正直なところがある彼だから、この状況で嘘をつくことはできなかったのだろう。
「じゃあ彼女の話は本当なのね?」
「うん」
「彼女の腹に子どもがいるというのも事実なの?」
「……うん、多分」
あぁ、やはりそうだったのか。
サインと私の間には身体の関係はなかった。婚前だから当然とも言えるのだが。ただ、婚前どころか婚約者でもない女性とは身体の関係に発展していたというのは、非常に残念だ。

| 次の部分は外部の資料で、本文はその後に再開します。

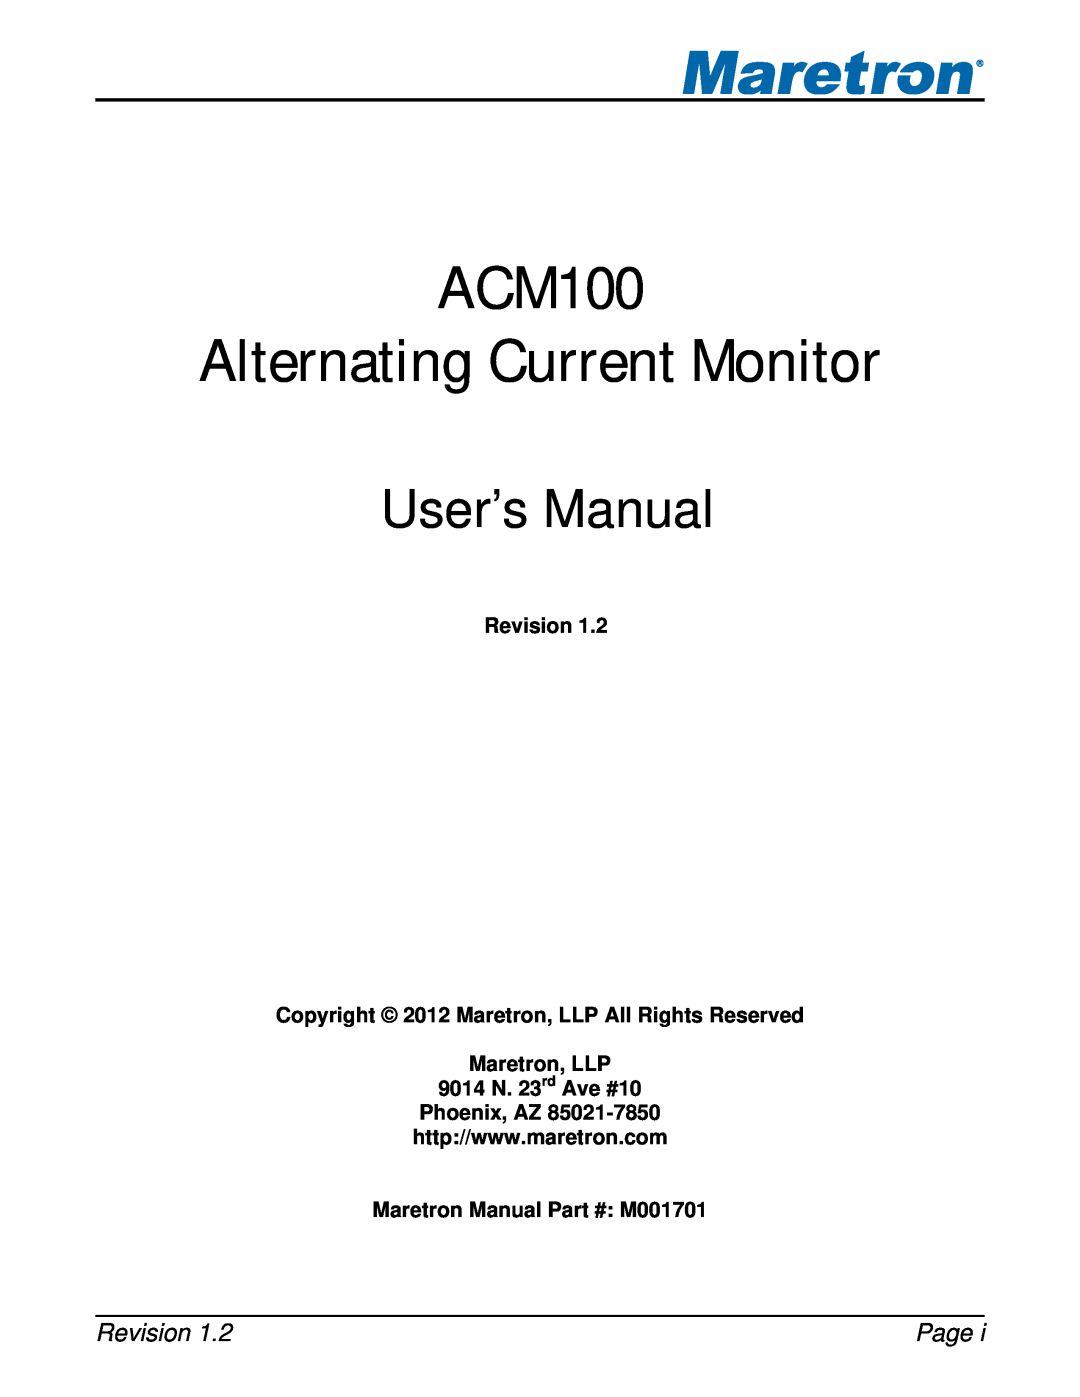 Maretron ACM100 user manual Page, Revision Copyright 2012 Maretron, LLP All Rights Reserved, Maretron Manual M001701 
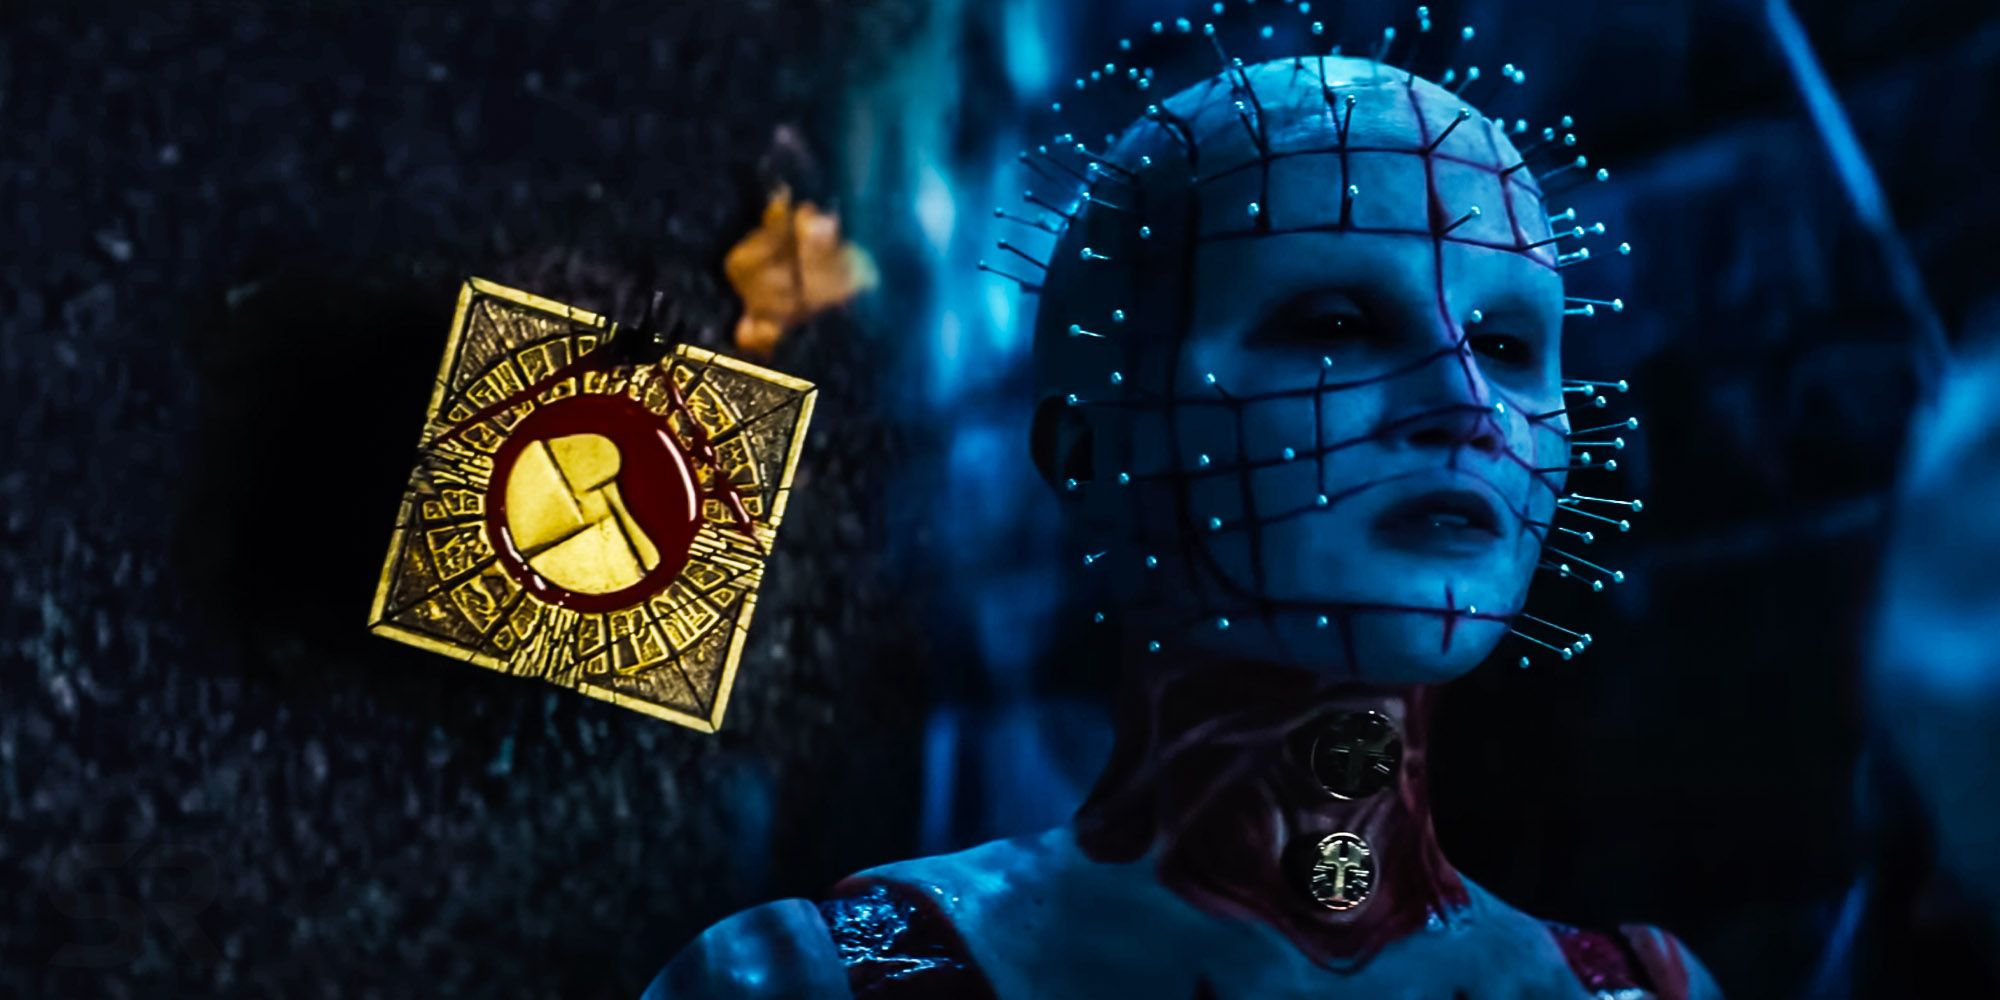 Jamie Clayton as Priest and the box puzzle in Hulu Hellraiser's ending.

「残念でならないわ。他の女性とそんな関係になっていたなんて」
彼に対する信頼はすべて崩れ去った。
もう一緒にやっていくことはできない。
「ごめん。本当に。でも、知ってしまったんだ」
「何を?」
「本当の愛っていうものを」
なぜ私に対してそれを言うの? 貴方も私の存在を鬱陶しく思っているの? 私はいない方がいいのか。私という存在は、彼と彼女の関係を邪魔する存在でしかないのか。暗に去れと言っているの? だからそんなことを言えるのだろう、と、思わずにはいられない。
「……私たち、終わりにしましょう」
「うん。ごめん」
◆
私とサインの婚約は破棄された。
婚約破棄の理由は、サインが他の女性と関係を持ったこと。それゆえ、私の評判に傷がつくことはなかった。むしろ逆で、彼の評判に傷がつくことになった。彼は慰謝料を支払うことになる。こうして、手続きは無事済んだ。
婚約者がいるにもかかわらず他の女性と交わったという話が出回ったことで、サインは恥をかくこととなったらしい。もちろん彼の両親も、恥ずかしい思いをすることになっただろう。
それだけでも十分な罰。
だが、それだけで終わる話ではなかったらしくて。
恥ずかしい噂が広がったことによって、サインは、いろんな人たちから批判を受けることとなる。職場でも悪口を言われ嫌われ、冷ややかな視線を向けられることとなったらしい。時には家に石やら何やらが投げ込まれることもあったそうだ。また、家の壁に性的な落書きをされることなども、少なくはなかったようだ。
最終的にサインは親と共に遠い地へ引っ越した。
女性もまた、気の毒な道を辿ることとなったようだ。というのも、心の底から愛し合っているはずだったのに見捨てられてしまったのである。
後に、彼女は腹の中にいた子を出産。けれどもサインは父親であることを認めなかったそうだ。そして彼は逃げるように女性の前から去っていった。サインが誠実な対応をしなかったことにショックを受けた女性は、やがて、赤子を抱いたまま崖から身を投げる。そのまま亡き人となった。